§ Work to be completed: Down to the last line, print the data that follows exactly, without its pictures.

§ Supplied data:
Content starts

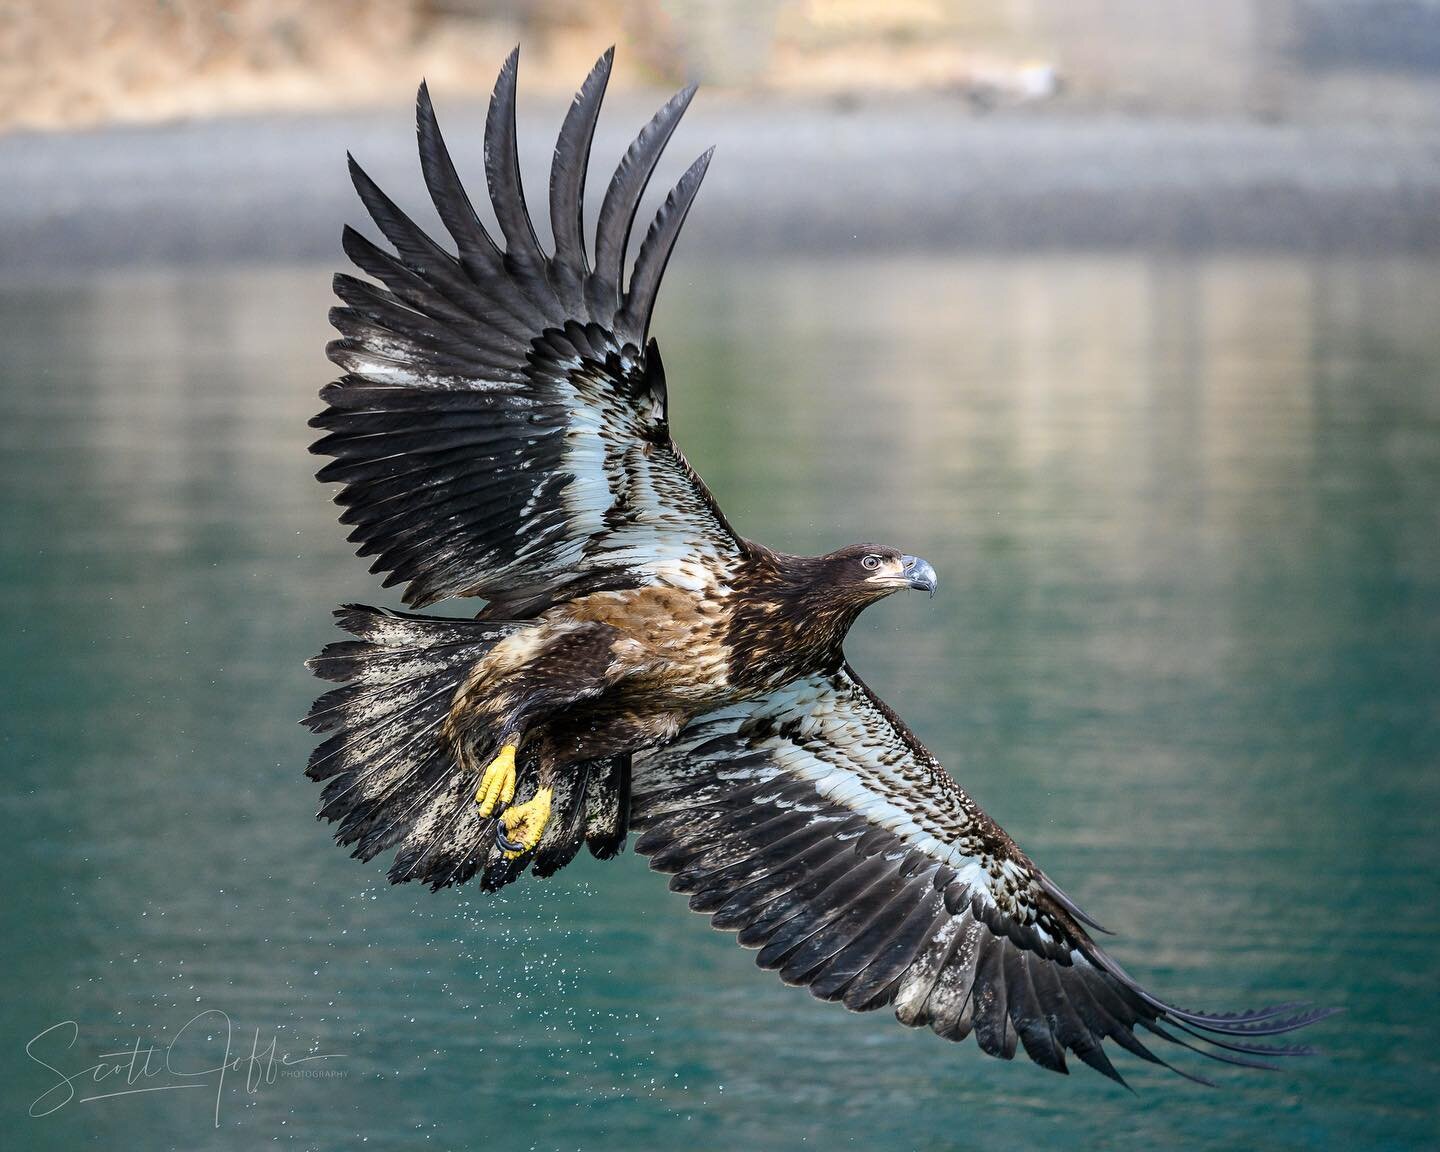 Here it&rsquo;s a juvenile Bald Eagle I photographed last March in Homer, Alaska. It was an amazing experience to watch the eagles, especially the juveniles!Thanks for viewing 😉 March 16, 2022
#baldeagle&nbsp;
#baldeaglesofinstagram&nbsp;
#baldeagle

Content ends

§ Completed task:
 Here it&rsquo;s a juvenile Bald Eagle I photographed last March in Homer, Alaska. It was an amazing experience to watch the eagles, especially the juveniles!Thanks for viewing 😉 March 16, 2022
#baldeagle&nbsp;
#baldeaglesofinstagram&nbsp;
#baldeagle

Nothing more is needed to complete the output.